3PTの雨を降らせよ、2試合で11本の3PTを決めた岸本隆一

琉球ゴールデンキングスは西地区3位の名古屋ダイヤモンドドルフィンズをホームに迎えた。岸本隆一はこの上位対決の2日間で11本(成功率68%)と圧巻のパフォーマンスを見せてくれた。

24得点を記録したGAME1のスタッツはこちら。
プレータイム(MP)21
得点(PTS)24
3ポイント成功数(3FGM)5
3ポイント成功率(3FG%)75%
フィールドゴール成功数(FGM)9
フィールドゴール成功率(FG%)75%
フリースロー成功数(FTM)なし
フリースロー成功率(FT%)なし
オフェンスリバウンド(OR)0
リバウンド数(TR)2
アシスト(AST)3
スティール(STL)0
ブロック(BLK)0

強烈なスタートダッシュを決めた第1クォーターを見ていこう。
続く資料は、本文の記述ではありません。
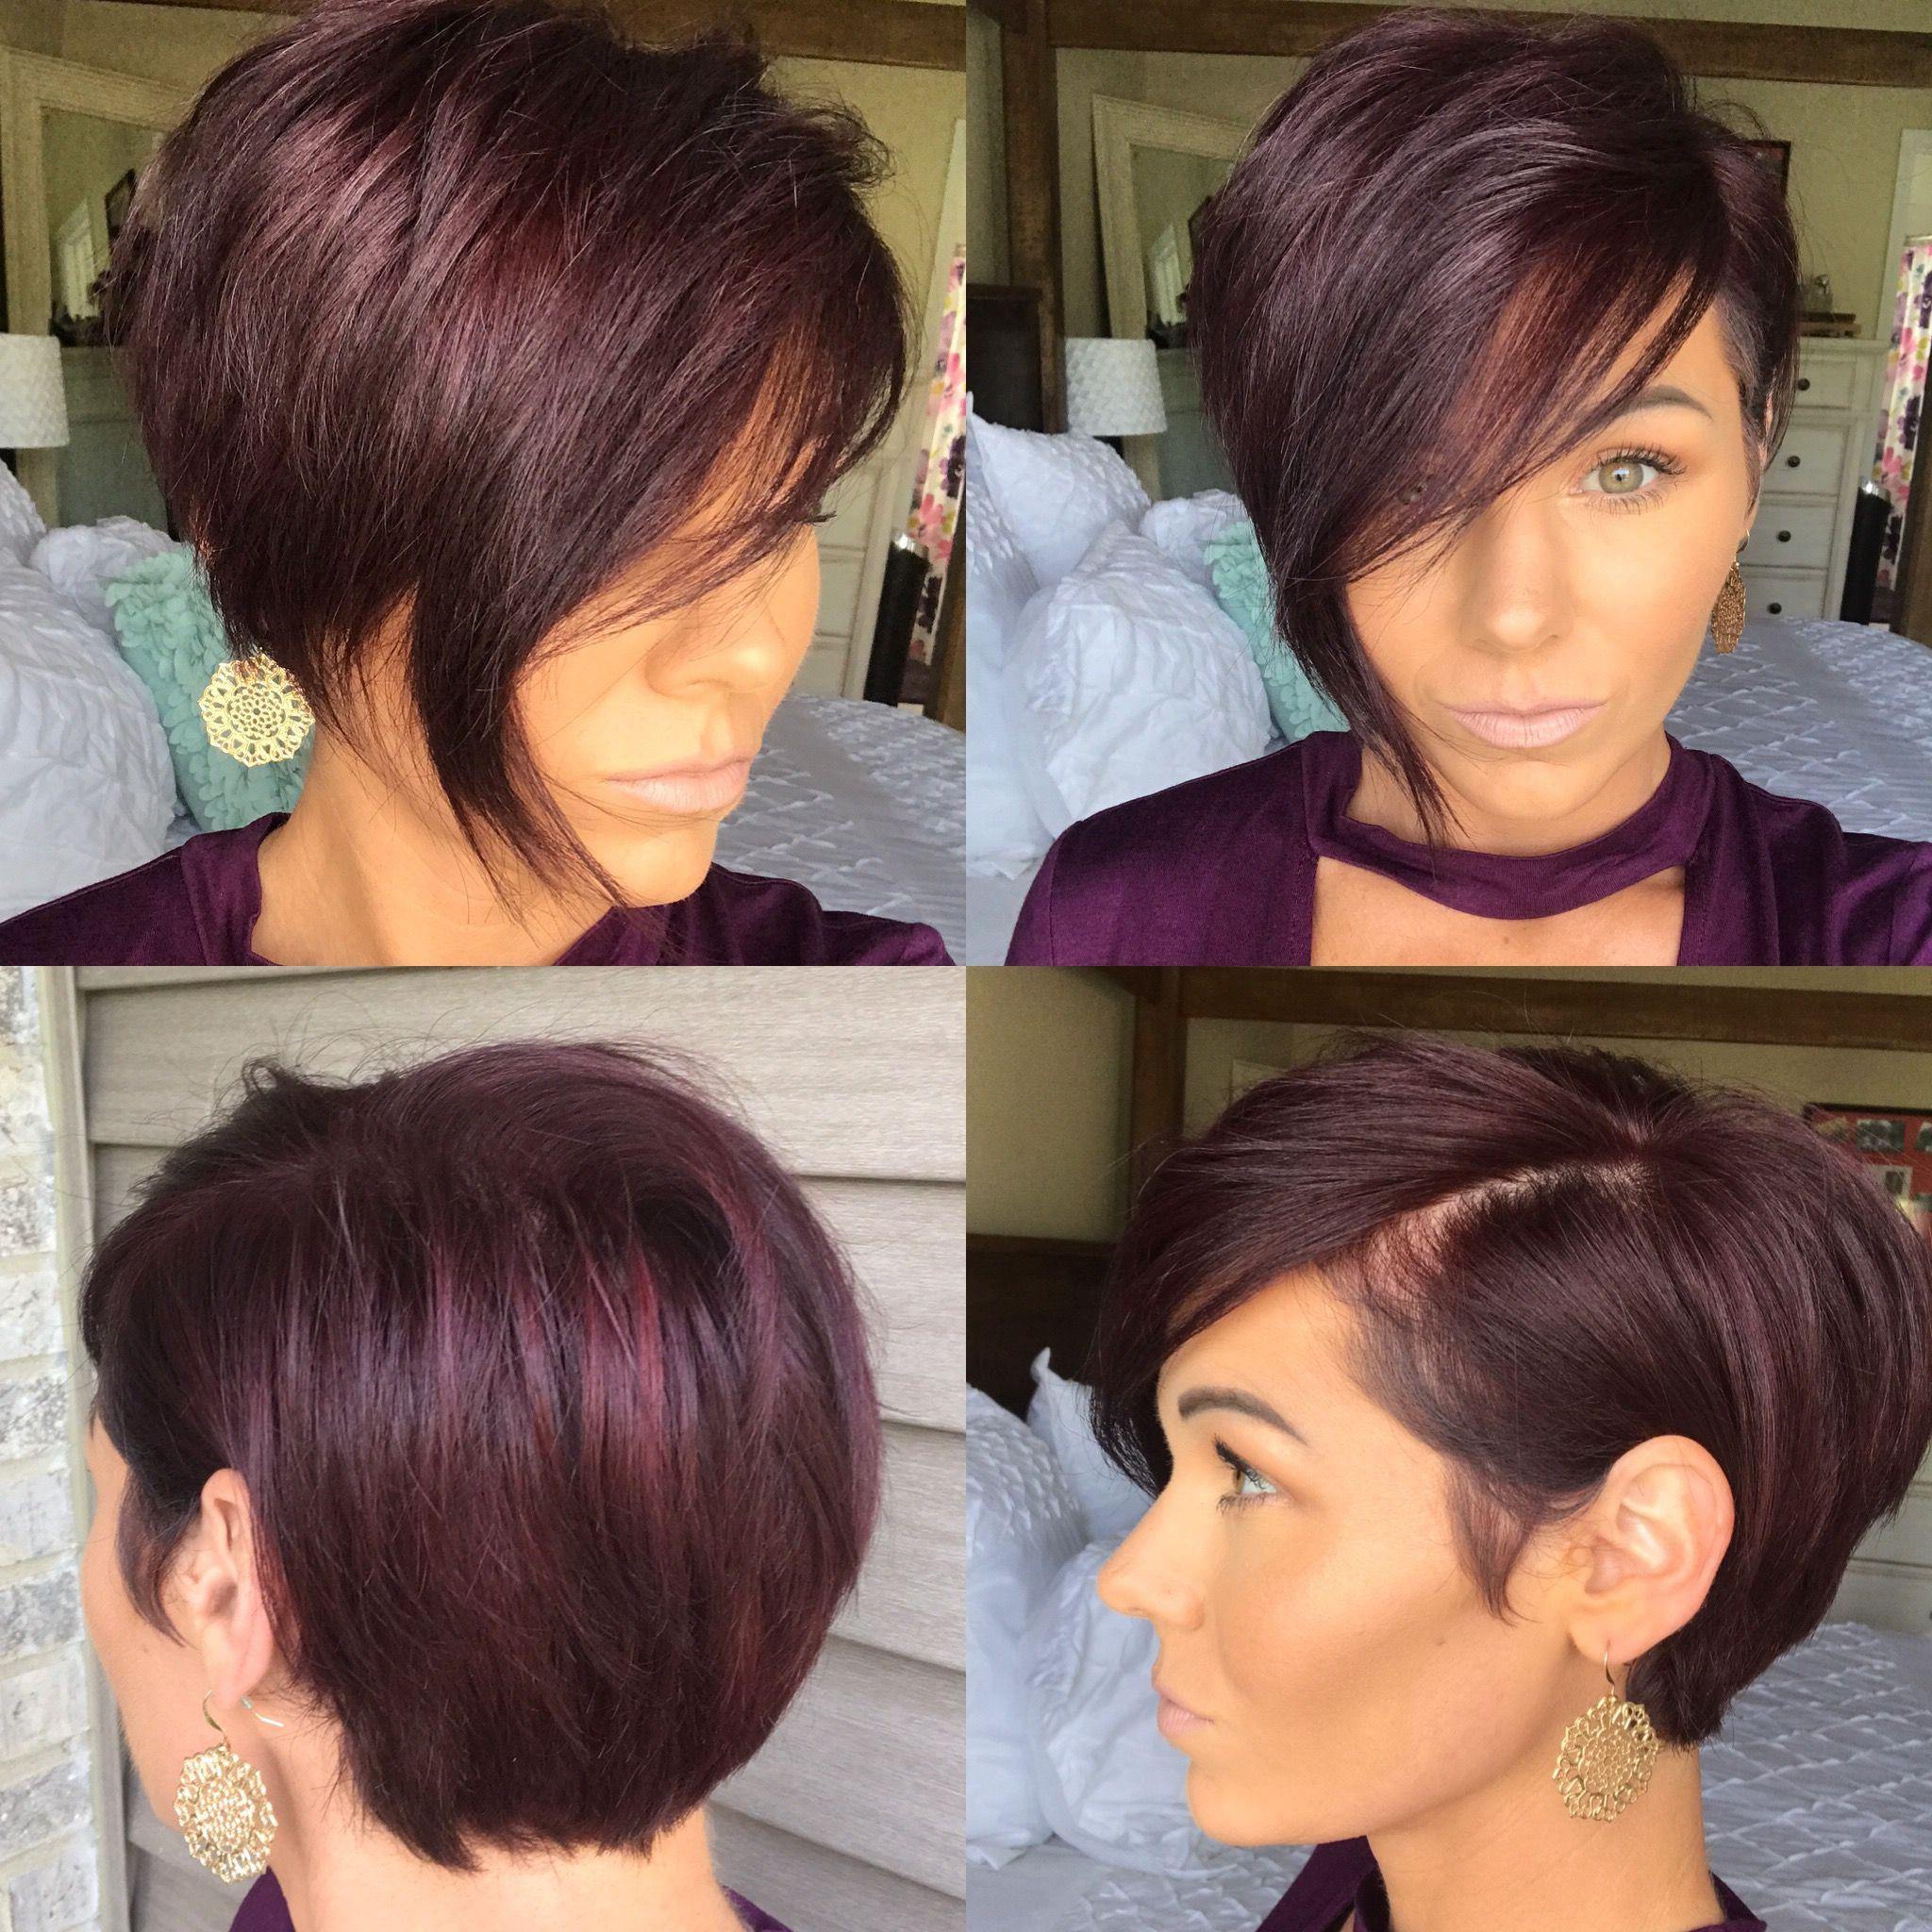 Adorable Asymmetrical Hairstyle | Hairdos | Pinterest | Asymmetrical Throughout Asymmetrical Pixie Bob Hairstyles (View 2 of 20)

最初のオフェンス、ボールを運びながら今村佳太にパスを出したのちに左コーナーへポジショニング。マークマンの齋藤拓実がピック&ロールに備え早い段階でゴール下にヘルプポジションに入ったところを見逃さずオープンスリーを決める。続いてはハンドラーとしてドウェイン・エバンスとのピック&ロールからコティ・クラークとのスイッチを引き出し、スイッチバックしたいクラークと、ポストディフェンスに入った斎藤とのコミュニケーションミスが発生した隙を見逃さず、トップから3PTを射抜き、名古屋のタイムアウトを誘発した。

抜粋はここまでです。